GOAL OF THE EXERCISE. Starting from the line with "Low-angle shot of", please copy exactly every line to the end of the listing, but not the pictures.

DATA PROVIDED.
-----

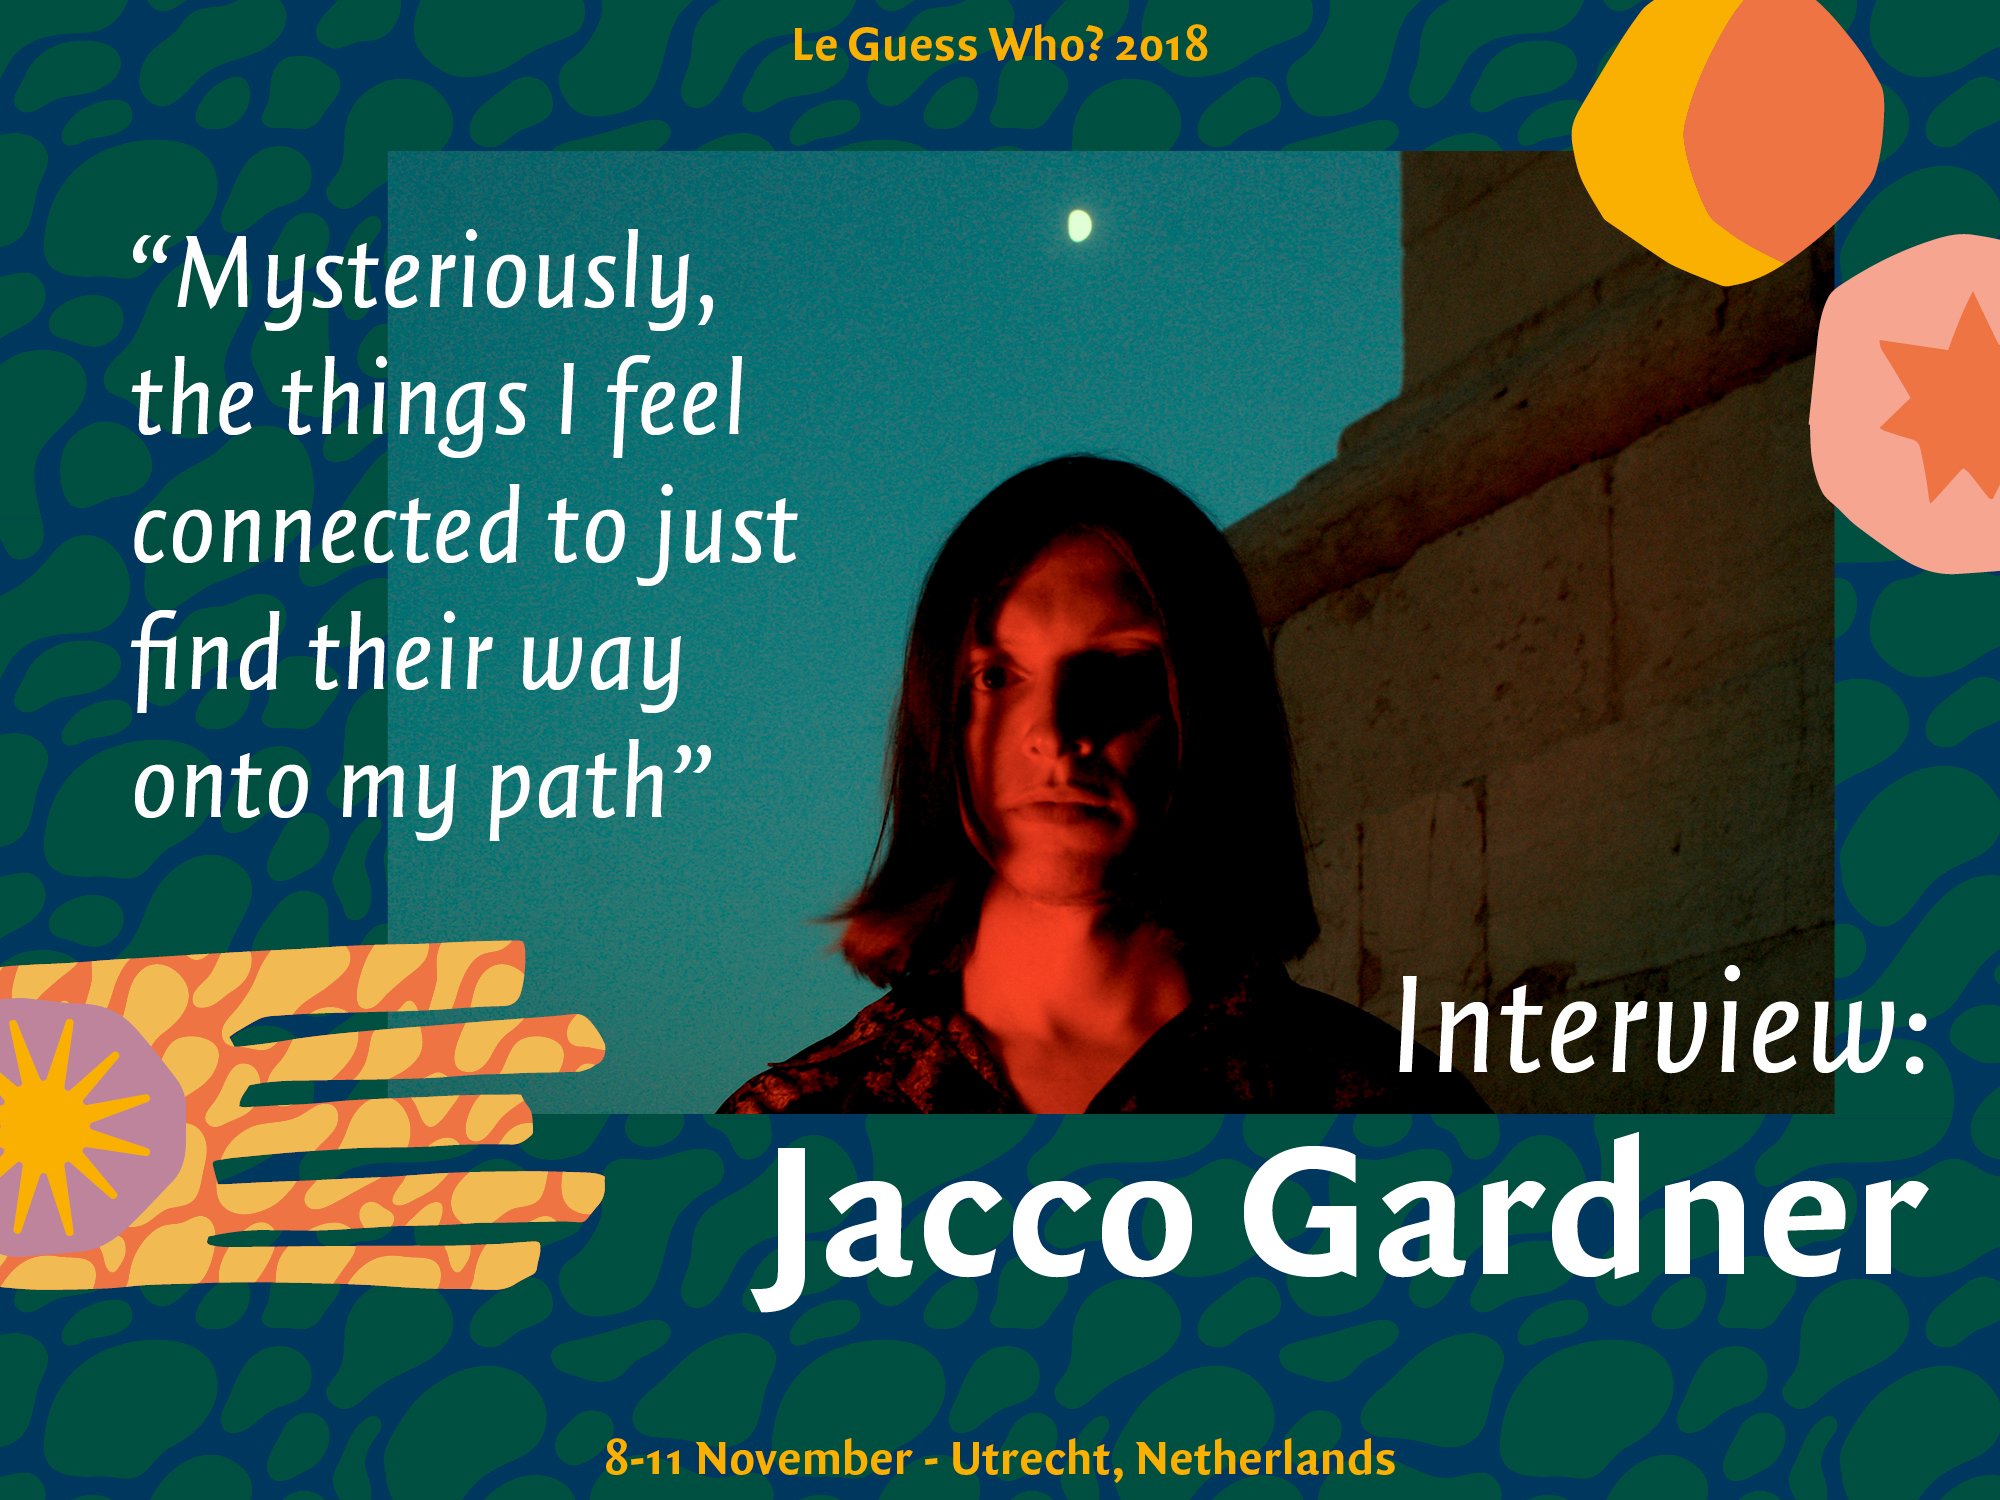 Jacco Gardner: "Mysteriously, the things I feel connected to just find their way onto my path"
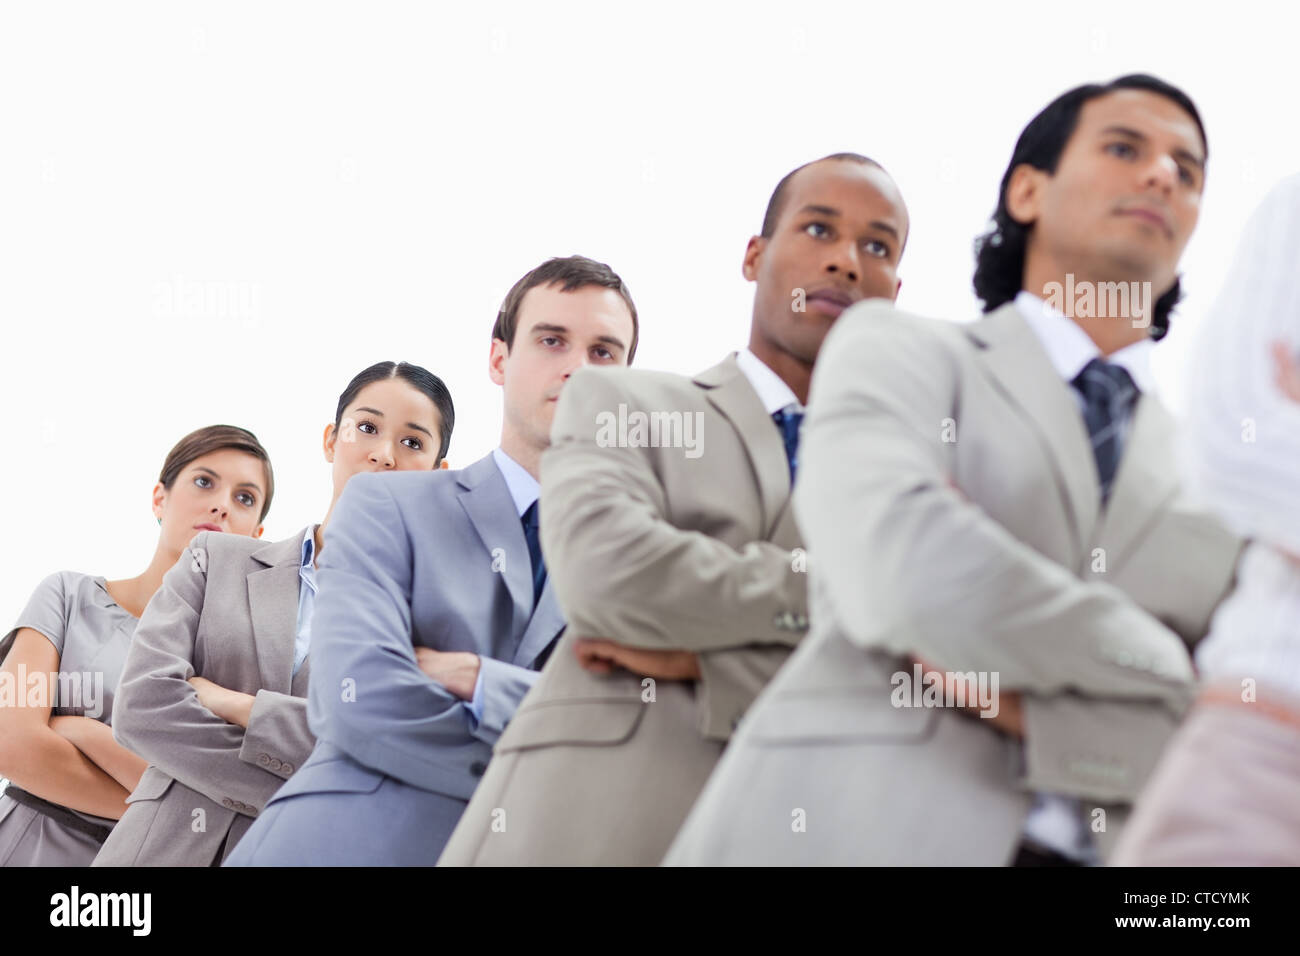 Low-angle shot of people dressed in suits crossing their arms in a single line Stock Photo
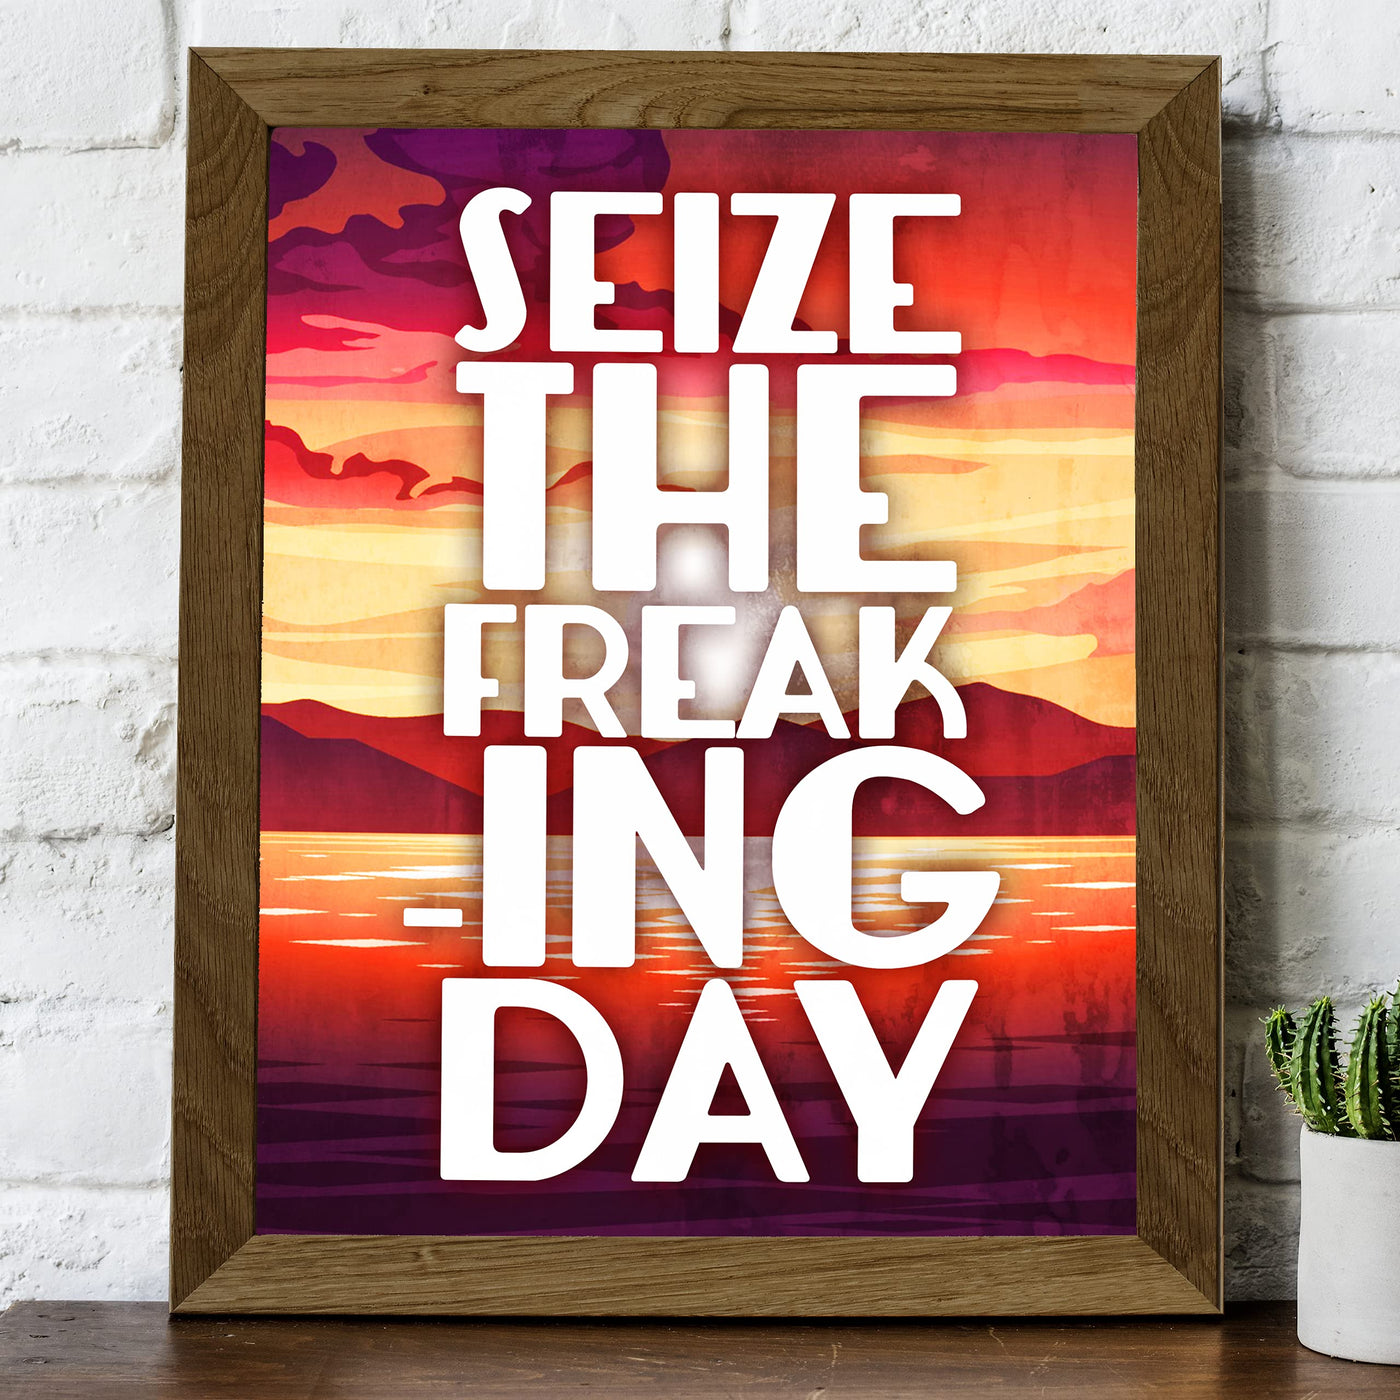 Seize the Freaking Day Funny Motivational Wall Art Sign -8 x 10" Humorous Sunset Print-Ready to Frame. Home-Office-Desk-Bar-Shop-Cave Decor. Fun Gift-Sign to Encourage Success. Carpe Diem!

-----

RESPONSE AREA.
 Low-angle shot of people dressed in suits crossing their arms in a single line Stock Photo
 Seize the Freaking Day Funny Motivational Wall Art Sign -8 x 10" Humorous Sunset Print-Ready to Frame. Home-Office-Desk-Bar-Shop-Cave Decor. Fun Gift-Sign to Encourage Success. Carpe Diem!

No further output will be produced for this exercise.